At the conclusion of the third and final preliminary hearing in the Bell corruption scandal, Los Angeles Superior Court Judge Henry J. Hall said Rizzo hid his business relationship with Bell's privately contracted planning director, Dennis Tarango, on economic interest disclosure documents filed with the city each year.

"The fact that Mr. Rizzo did not disclose (the partnership) shows there is ample evidence he knew this cozy relationship with Mr.

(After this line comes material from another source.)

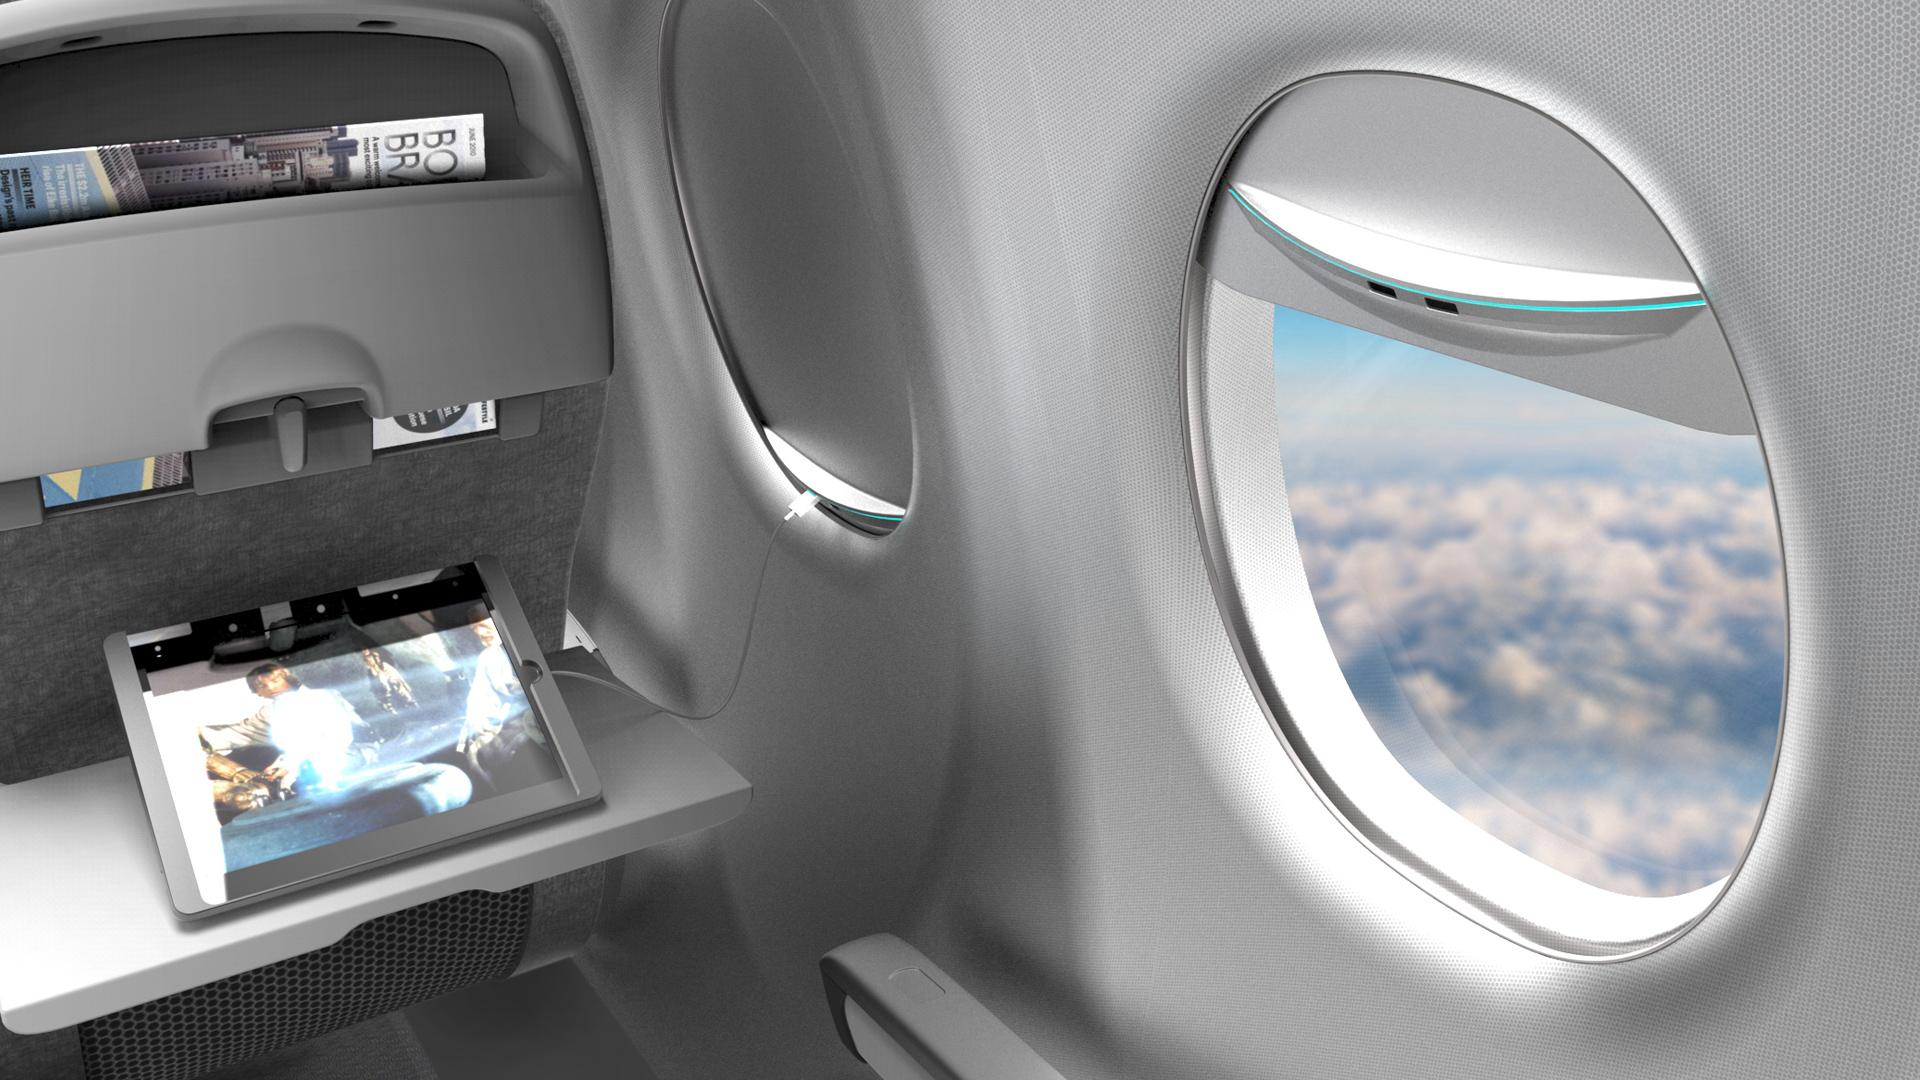 Las ventanas solares nos permitirán cargar nuestros dispositivos en el avión

Tarango did create a conflict," Hall said.

Rizzo now stands charged with a total of 55 counts stemming from the alleged misappropriation of millions of dollars from the city's coffers.

In the most recent case, Deputy District Attorney Max Huntsman said that in 2004, Rizzo and Tarango formed Golden Aggie Ranch Inc., a racehorse venture created as a tax write-off.

Prosecutors contend that during the period of their outside business partnership, Rizzo improperly steered at least $2.4 million in city business to Tarango's contracted companies.

In dismissing the misappropriation charge, Hall found that a Bell check made out to Tarango's TD Urban Planners firm and endorsed over in part to the Golden Aggie joint venture was handled by Tarango alone with no input from Rizzo.

Tarango, Hall said, "chose to split the deposit from that one check," and Rizzo "had nothing to do with it."

In announcing his decision to hold the 57-year-old Rizzo over for trial, Hall suggested that the defendant had committed six additional felony counts of perjury as a result of the financial disclosure documents.

Huntsman said outside court that his office would likely file those charges prior to Rizzo's March 30 arraignment.

Rizzo's attorney, James Spertus, had argued that the conflict-of- interest charge should be dismissed because even though his client and Tarango shared an investment concern, Rizzo never benefited financially from Tarango's job as Bell's planning director.

"There's nothing wrong with two friends having joint ownership of a couple of horses -- and that's what we have here," Spertus told Hall.

Rizzo and seven other former Bell leaders are charged with corruption.